[Collected material — start]

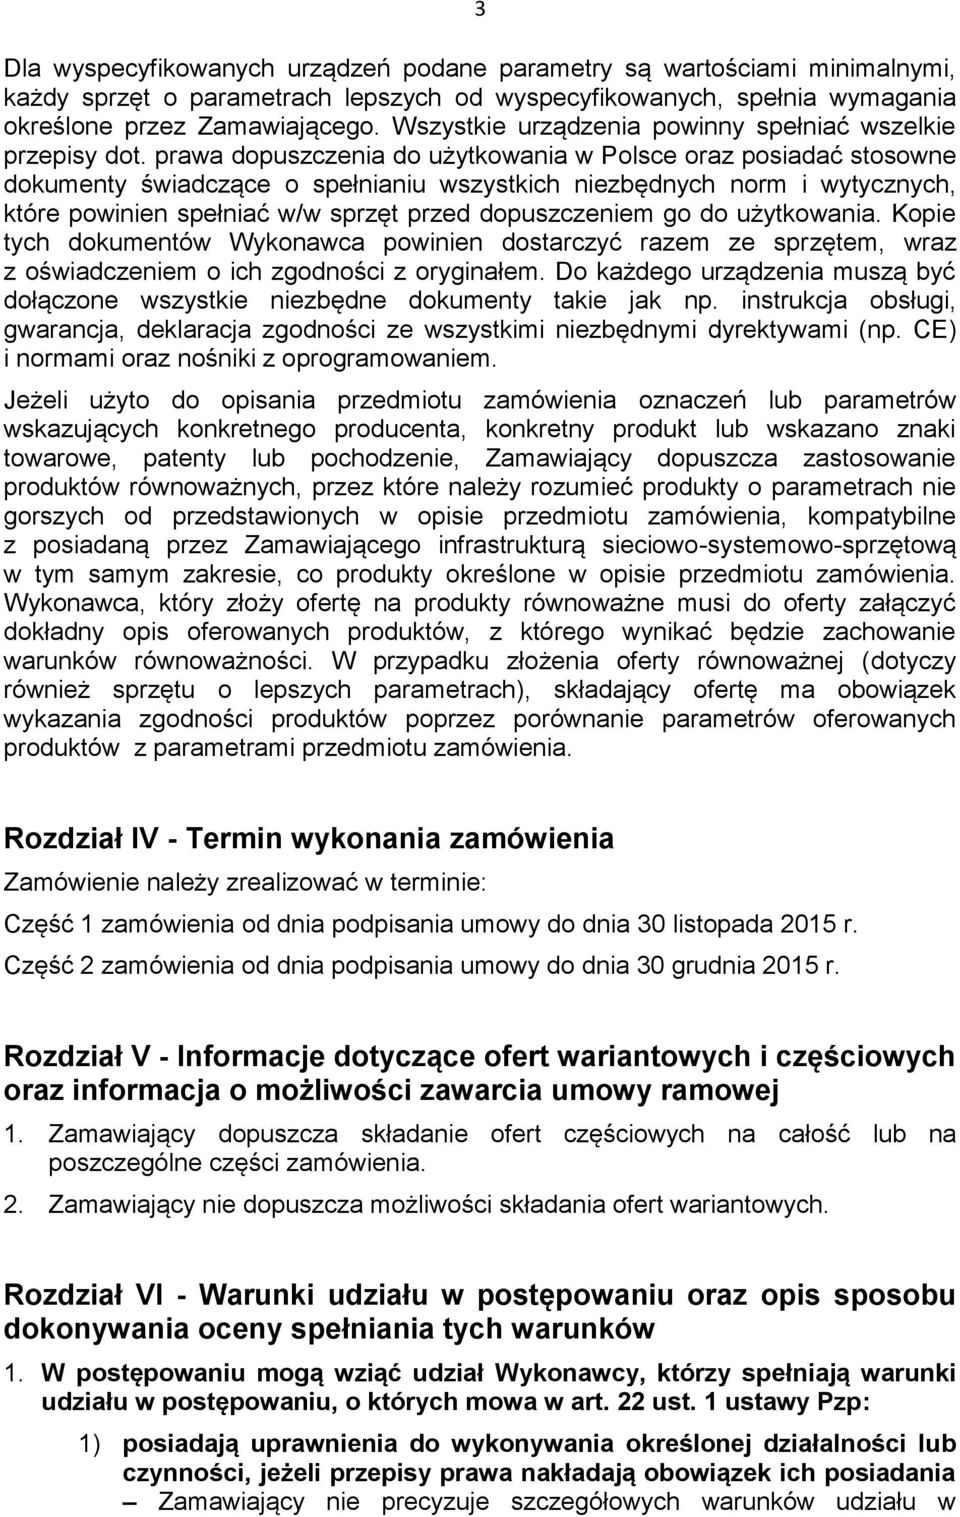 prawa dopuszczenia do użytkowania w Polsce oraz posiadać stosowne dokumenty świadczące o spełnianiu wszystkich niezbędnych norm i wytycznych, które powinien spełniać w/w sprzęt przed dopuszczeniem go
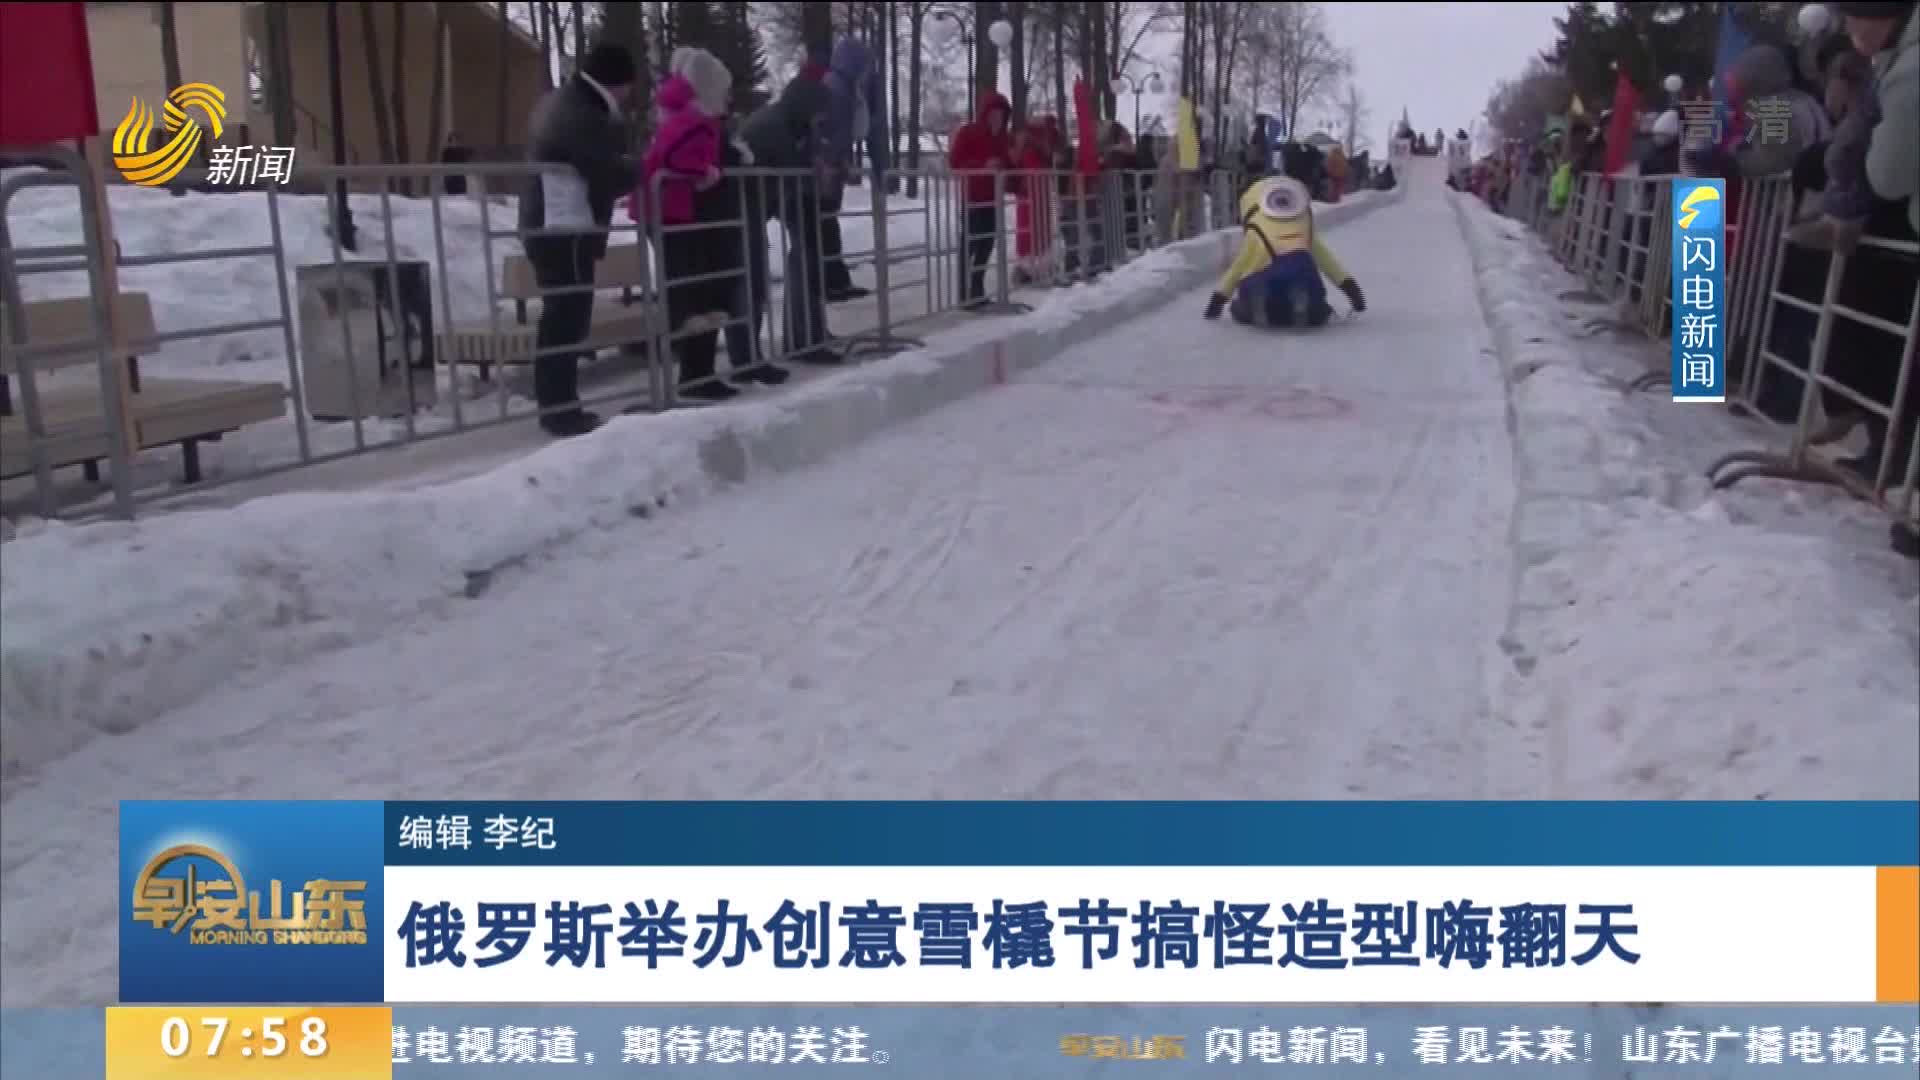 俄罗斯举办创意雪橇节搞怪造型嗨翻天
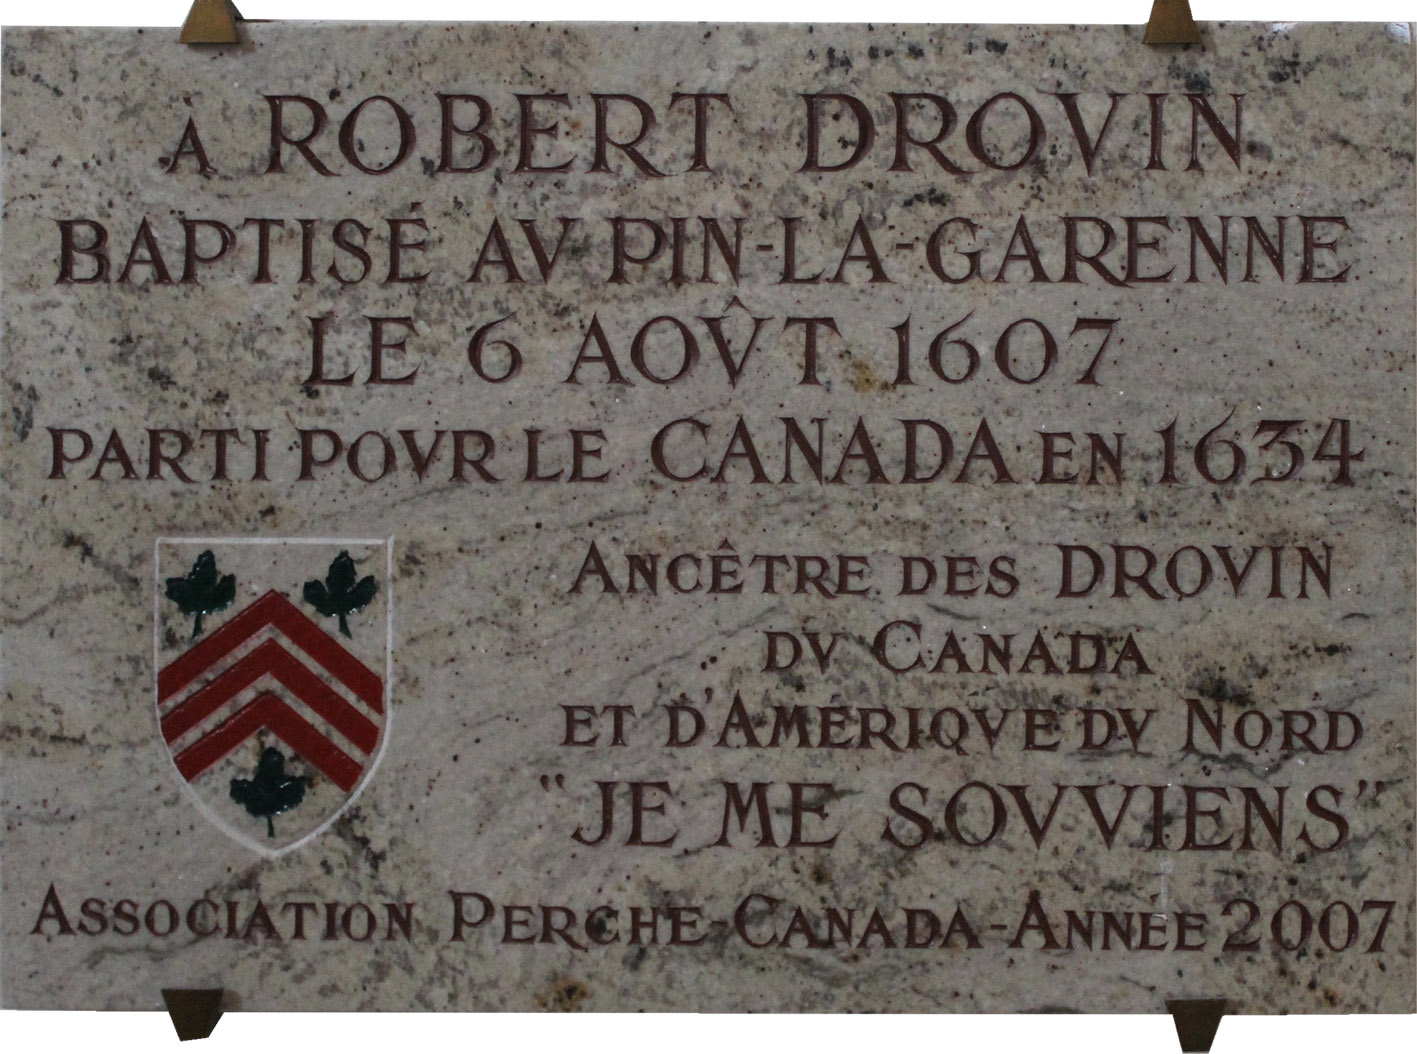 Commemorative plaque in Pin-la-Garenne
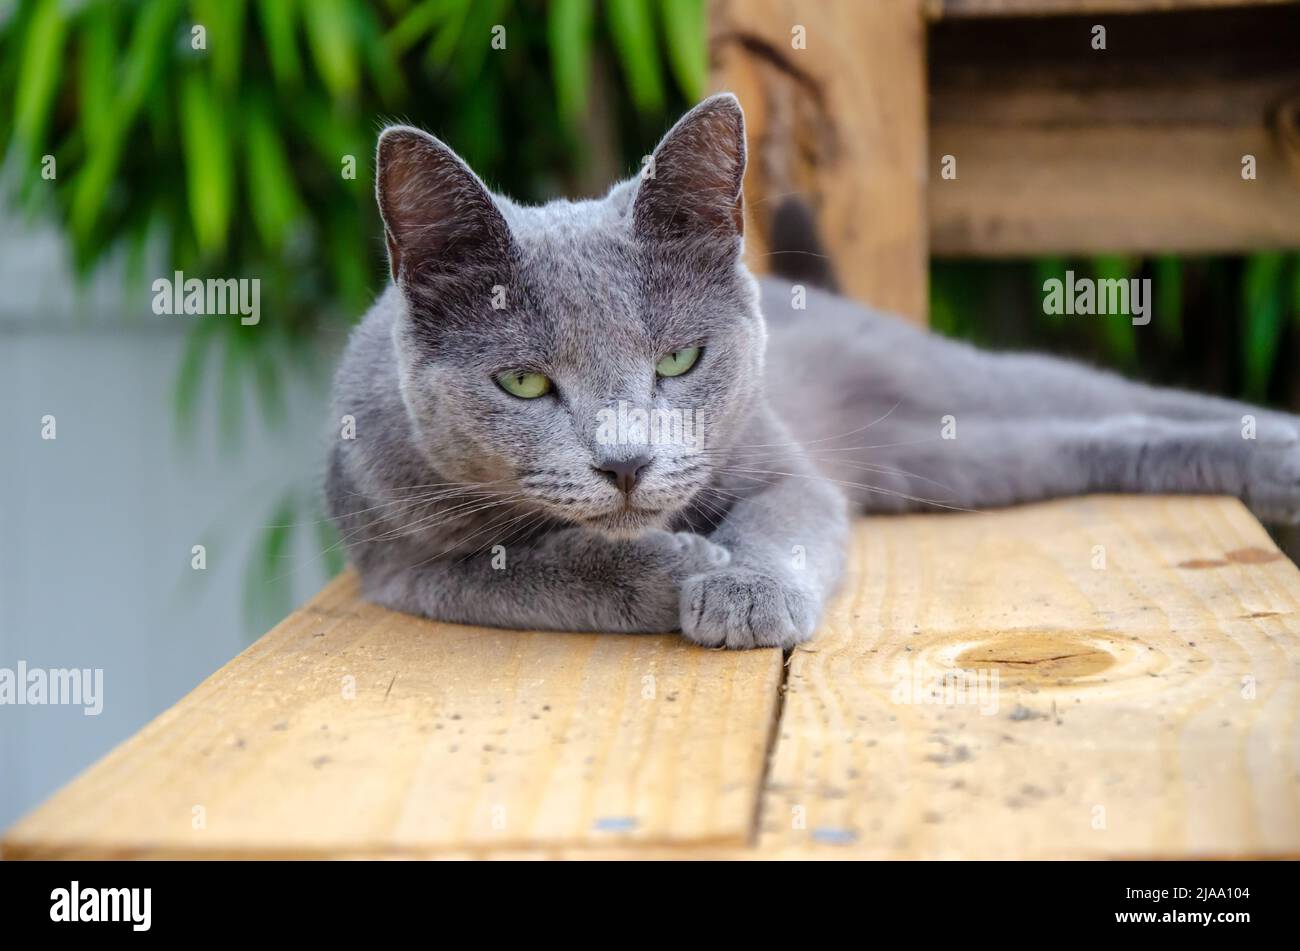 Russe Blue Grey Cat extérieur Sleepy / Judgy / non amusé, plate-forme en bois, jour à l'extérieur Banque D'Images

[Collected material — finish]

Exercise goal:
Give the listing again, exactly as it appears, but without its images.

Exercise response:
 prawa dopuszczenia do użytkowania w Polsce oraz posiadać stosowne dokumenty świadczące o spełnianiu wszystkich niezbędnych norm i wytycznych, które powinien spełniać w/w sprzęt przed dopuszczeniem go
 俄罗斯举办创意雪橇节搞怪造型嗨翻天
 Commemorative plaque in Pin-la-Garenne
 Russe Blue Grey Cat extérieur Sleepy / Judgy / non amusé, plate-forme en bois, jour à l'extérieur Banque D'Images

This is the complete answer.